Старушка Санна всегда хорошо чувствовала удила и теперь, стоило лишь их тронуть, хлопнула крыльями и взмыла ввысь, будто сама с нетерпением его ждала. Эрвин едва успел схватиться за край, чтобы не упасть.

Санна, будто чувствовала, что именно нужно человеку, и летела так быстро, что, бешеный ледяной ветер выдавливал слёзы из глаз, смывая их к вискам, холодил так, что Эрвин вмиг замёрз. Дыхание сбивалось, гондолу качало так, что пару раз «пожарный» только на рефлексах удерживался внутри. Как удержалась Арта, прыгнувшая в гондолу следом за хозяином, было вообще неясно.

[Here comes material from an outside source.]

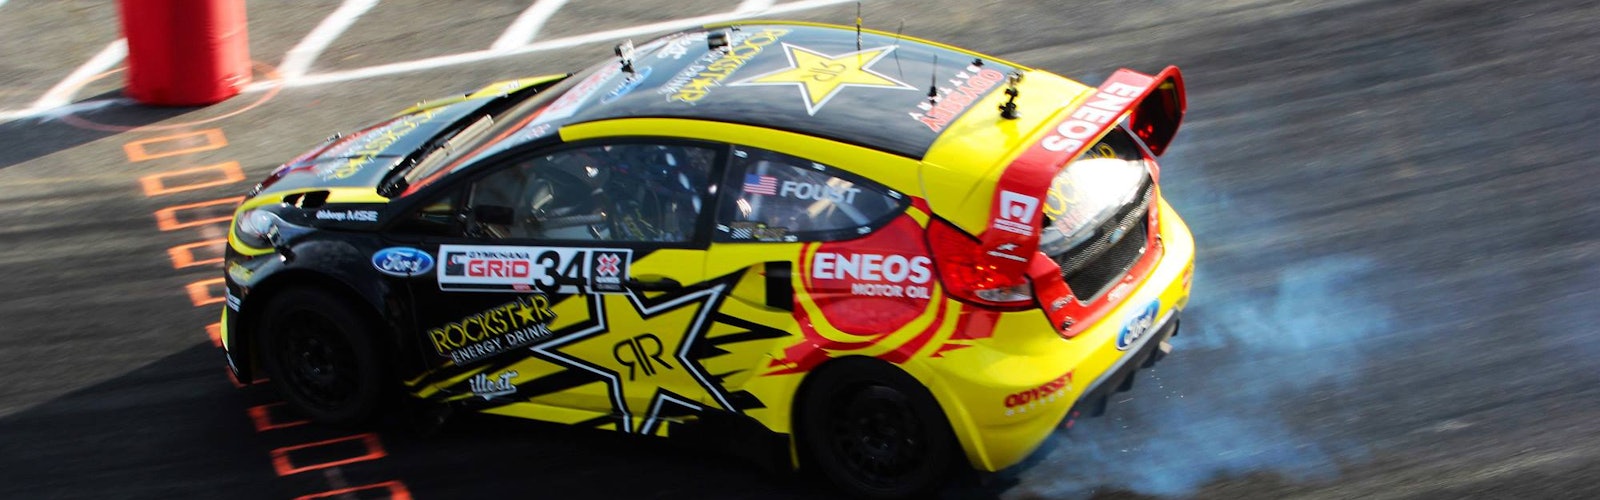 Tanner Foust, Ford Fiesta, 2013 X Games Los Angeles, Gymkhana

Когда кульбиты сердца пришли в гармонию с кульбитами скачущей по воздушным ямам гондолы, боль в груди стихла, дышать стало легче, и Эрвин чуть натянул повод. Дракониха уменьшила ход, и движение стало более плавным. Вокруг было чистое, яркое, без единого облачка небо, и Эрвин смог осмотреть Лес.

До самого горизонта, до тонкой полоски горного хребта впереди, везде, куда доставал взгляд, расстилались пушистые зелёные холмы крон, сверху похожие на мягкий мох. Ни дыма, ни огня. Святой Лес! Да откуда бы здесь взяться огню? Это же не просто лес, это Великий Зелёный Лес-Прародитель!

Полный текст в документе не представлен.